Obsidian/Schattendunkel (Jennifer L. Armentrout)

Inhalt (Carlsen Verlag):Obsidian 1: Obsidian. Schattendunkel

Als Katy vom sonnigen Florida ins graue West Virginia ziehen muss, ist sie alles andere als begeistert. In dem kleinen Nest kommt sie anfangs nicht einmal ins Internet, was für die leidenschaftliche Buchbloggerin eine Katastrophe ist. Sie beschließt, bei ihren Nachbarn zu klingeln, und lernt so den atemberaubend gut aussehenden, aber unfassbar unfreundlichen Daemon Black kennen. Was Katy jedoch nicht weiß, ist, dass genau dieser Junge, dem sie von nun an aus dem Weg zu gehen versucht, ihrem Schicksal eine ganz neue Wendung geben wird …

Alle Bände der unwiderstehlichen Bestsellerserie:

Obsidian. Schattendunkel
Onyx. Schattenschimmer
Opal. Schattenglanz
Origin. Schattenfunke
Opposition. Schattenblitz

Bewertung 4 von 5 Sternen:

Ich hatte schon länger das Gefühl um diese Reihe einfach nicht drumherum zu kommen und nun war es mal soweit. Die Idee dahinter gefällt mir ganz gut, erinnert mich an die Roswell-Serie vor etlichen Jahren. Wobei das nicht als Kritikpunkt zu verstehen ist – dafür klafft die Entwicklung doch (soweit ich mich erinnern kann) zu weit auseinander.

Ein total sympathisches Mädchen trifft auf einen wahnsinnig gutaussehenden und genauso unsympathischen Jungen. Das ist wohl der Stoff, aus dem so viele Träume sind. Denn eigentlich ist er gar kein BadBoy, sondern hat gute Gründe für seine ablehnende Haltung. Die sich hieraus entwickelnde Geschichte ist bis zum Ende spannend und hat auf jden Fall schon mal dazu geführt, dass ich Band 2 bereits hier liegen habe.

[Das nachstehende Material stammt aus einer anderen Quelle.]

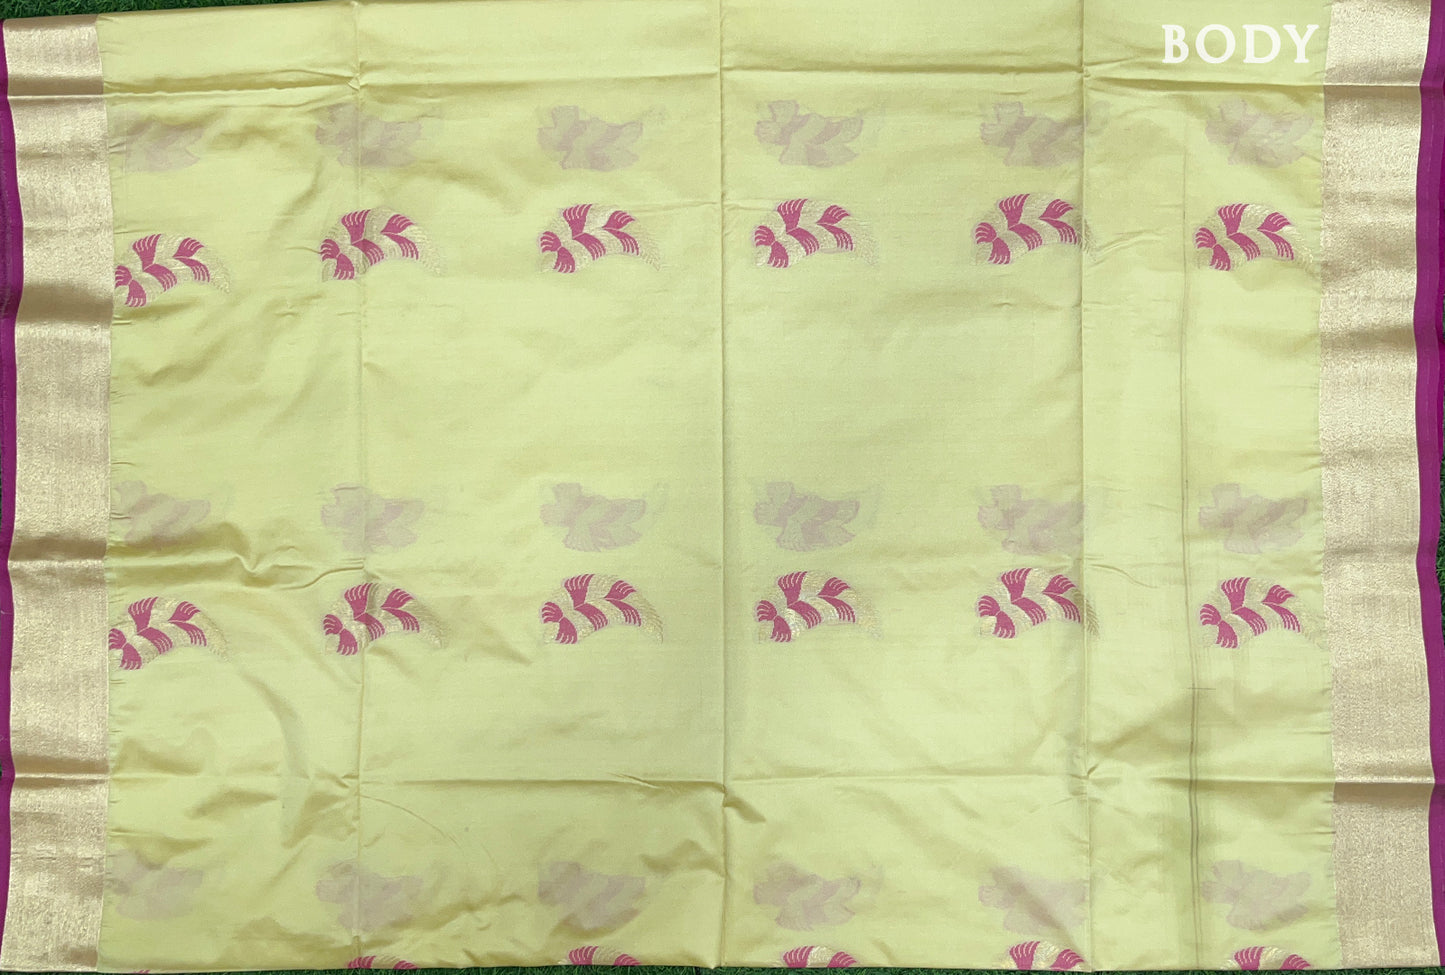 Cream with Rani Pink Kanchipuram semi soft silk saree

Die Charaktere sind für mich der Handlung entsprechend ausgewählt. Katy ist eine echte Freundin zum „Pferde stehlen“ und durchlebt im Laufe des Buchs eine interessante Entwicklung. Es ist einfach schön zu lesen, wie sie am Ende über sich hinaus wächst. Daemon ist auch eine tolle Figur – er wird erst als ein überheblicher K…brocken dargestellt, das relativiert sich im Laufe der Zeit. Ich mag die Figur, obgleich er bis zum Ende etwas unnahbar bleibt. Dee ist klasse – sie gefällt mir fast noch besser als Katy, da sie geistig etwas reifer scheint. Katy agiert manchmal etwas teeniehaft.

Der Schreibstil spricht mich durchaus an und ist absolut fesselnd. Zwischendurch gibt es auch immer mal was zu lachen/schmunzeln.

Mich stören ein wenig diese immer wiederkehrenden Passagen über den so unheimlich gut aussehenden Daemon.  Schon klar, es ist aus Katys Perspektive erzählt und sie scheint jedes Mal bei seinem Anblick förmlich dahin zu schmelzen. Das ist mir etwas zu klischeehaft. Ich muss dazu sagen, dass ich eigentlich so gar nicht mehr in die Zielgruppe gehöre, daher finde ich das ein bißchen über. Aber ansonsten wird es für mich bestimmt nicht das letzte Buch der Autorin gewesen sein – Schattenschimmer liegt ja bereits in Reichweite.